1) Regulation SHO was implemented in stages, with certain portions not becoming effective until October 2007. It requires broker-dealers to mark sales in all equity securities “long” or “short,” defines ownership of securities, and specifies netting of broker-dealer long and short positions for certain purposes. Regulation SHO was further amended in 2007. Amendments to Regulation SHO were adopted in August 2007, with an October 15, 2007, effective date.
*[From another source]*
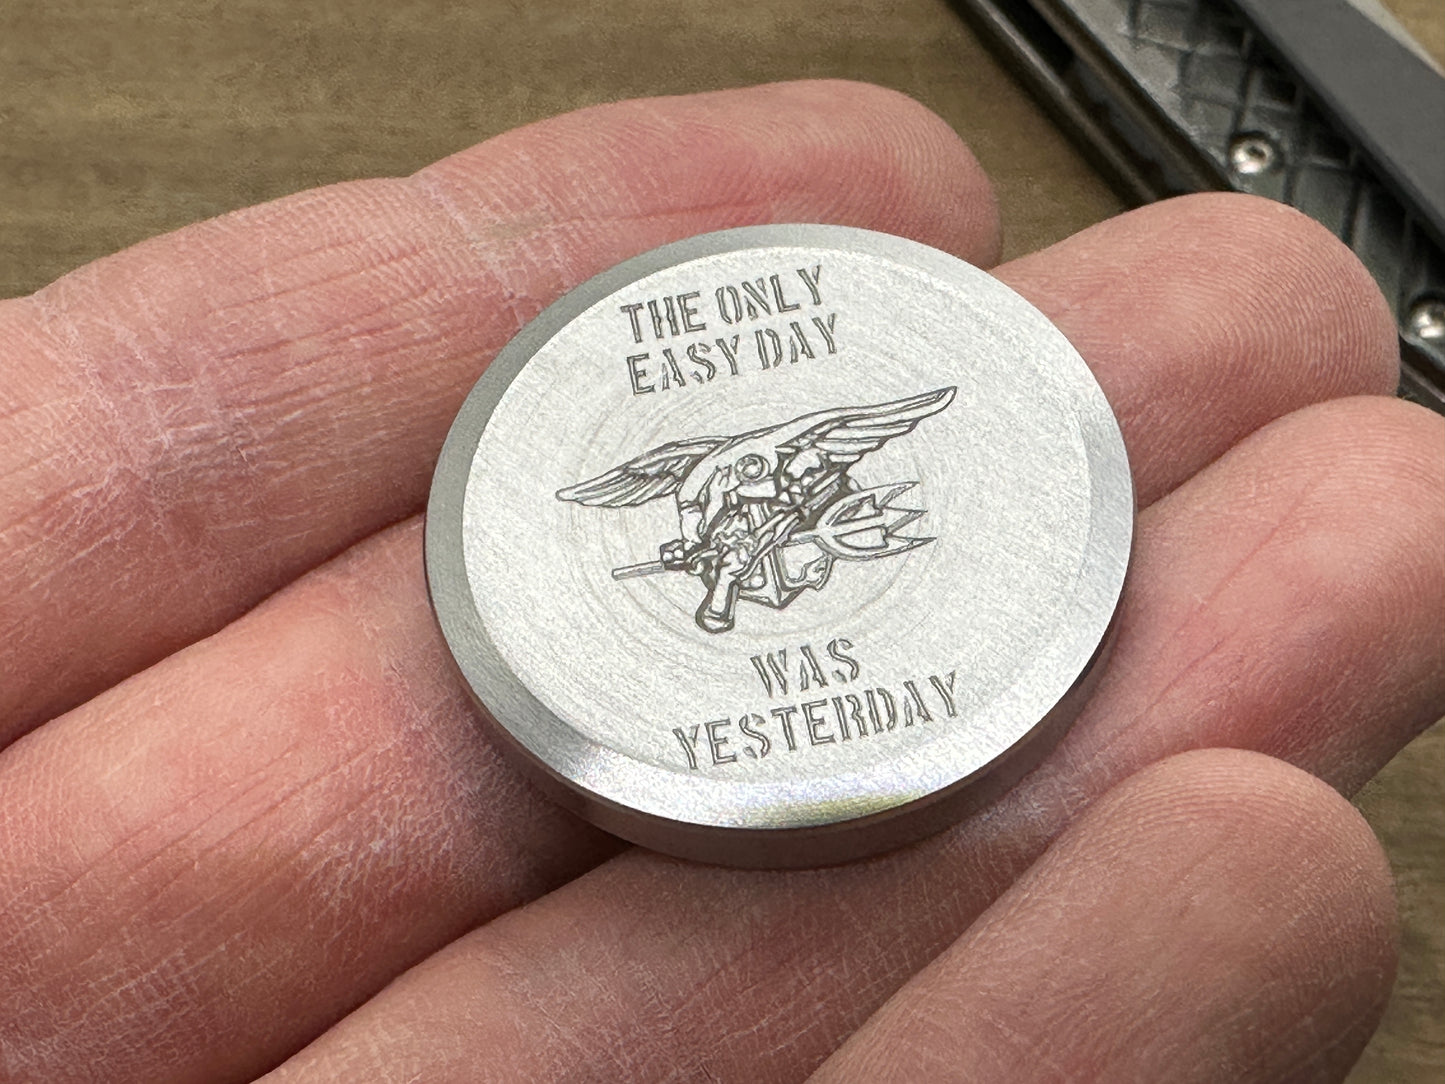 Molybdenum Worry Coin "The only easy day was yesterday.” U.S. Navy SEALs

The amendments eliminated the grandfather provision of Regulation SHO in an attempt to further reduce the number of persistent fails to deliver certain equity securities and amended the close-out requirement of Regulation SHO for certain securities that a seller is “deemed to own.” The amendments also updated the market decline limitation referenced in Regulation SHO.
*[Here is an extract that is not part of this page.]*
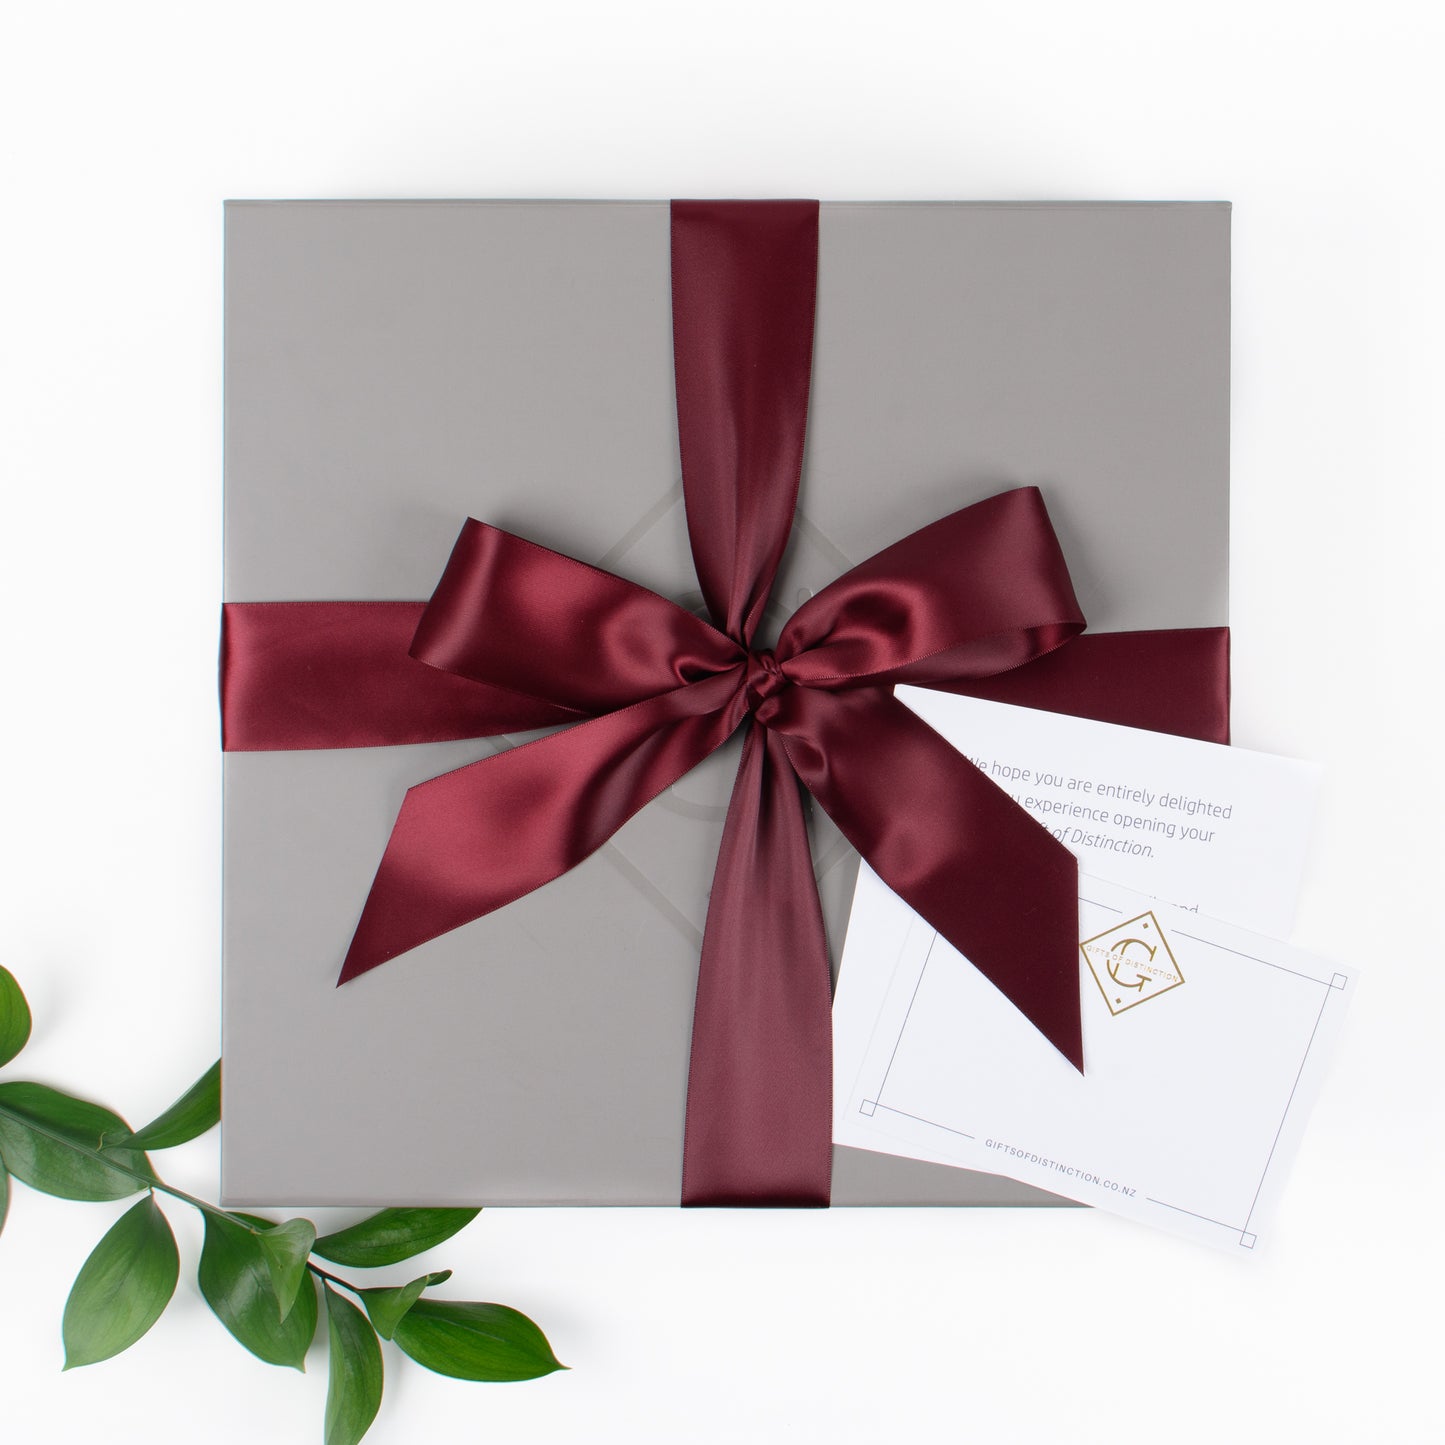 Beautiful grey gift box with burgundy satin ribbon and gold foil message card.

2) Bona fide market makers include market makers in the listed securities, derivative securities of the listed securities, including standardized options, and ETFs of which any of the listed securities are a component.
3) FINRA published Notice to Members 08-38 July 23, 2008, clarifying the effect of the pre-borrow requirements of the Order in connection with the possession or control requirements of Rule 15c3-3. FINRA said that it had been advised by the SEC staff that a broker-dealer may use preborrowed shares to meet its delivery obligation under the Order, without regard to the whether a possession and control deficit exists at the time of delivery by: (1) identifying in its books and records that the securities to be delivered have been borrowed to complete the short sales; and (2) the borrowed shares may not be commingled with other customer or proprietary positions and must be distinguished from other securities lending transactions. These conditions are two of six conditions imposed by the SEC on conduit business in a 1991 no-action letter.
4) Additionally, it should be noted that the SEC Staff has taken the position that the loan of a security in a securities lending transaction is treated as a “sale” under Section 17(e) of the 1940 Act. See, United Services Funds (pub. avail. Apr. 23, 1993); and Norwest Bank, N.A. Society National Bank (pub. avail. May 25, 199
5) See Steve Thel, $850,000 in Six Minutes – The Mechanics of Securities Manipulation, 79 Cornell L. Rev. 219, 291 (January, 1994); William R. McLucas & Alma M. Angotti, Market Manipulation, 22 Rev. Sec. & Commodities Reg. 103, 111, 633 n. 1 (1989).
6) SEC v. Paul S. Berliner, Civil Action No. 08-CV-3859 (JES)(SDNY)(April 24, 2008).
7) Ernst & Ernst v. Hochfelder, 425 U.S. 185, 199 (1976).
8) Compare Schnell v. Conseco, Inc., 43 F. Supp 2d 438, 448 (S.D.N.Y. 1999) and Global Intellicom v. Thomas Kernaghan & Co., 1999 WL 544708, 7 (S.D.N.Y. July 27, 1999) with GFL Advantage Fund Ltd. V. Colkitt, 272 F.3d 189 (3d Cir. 2001).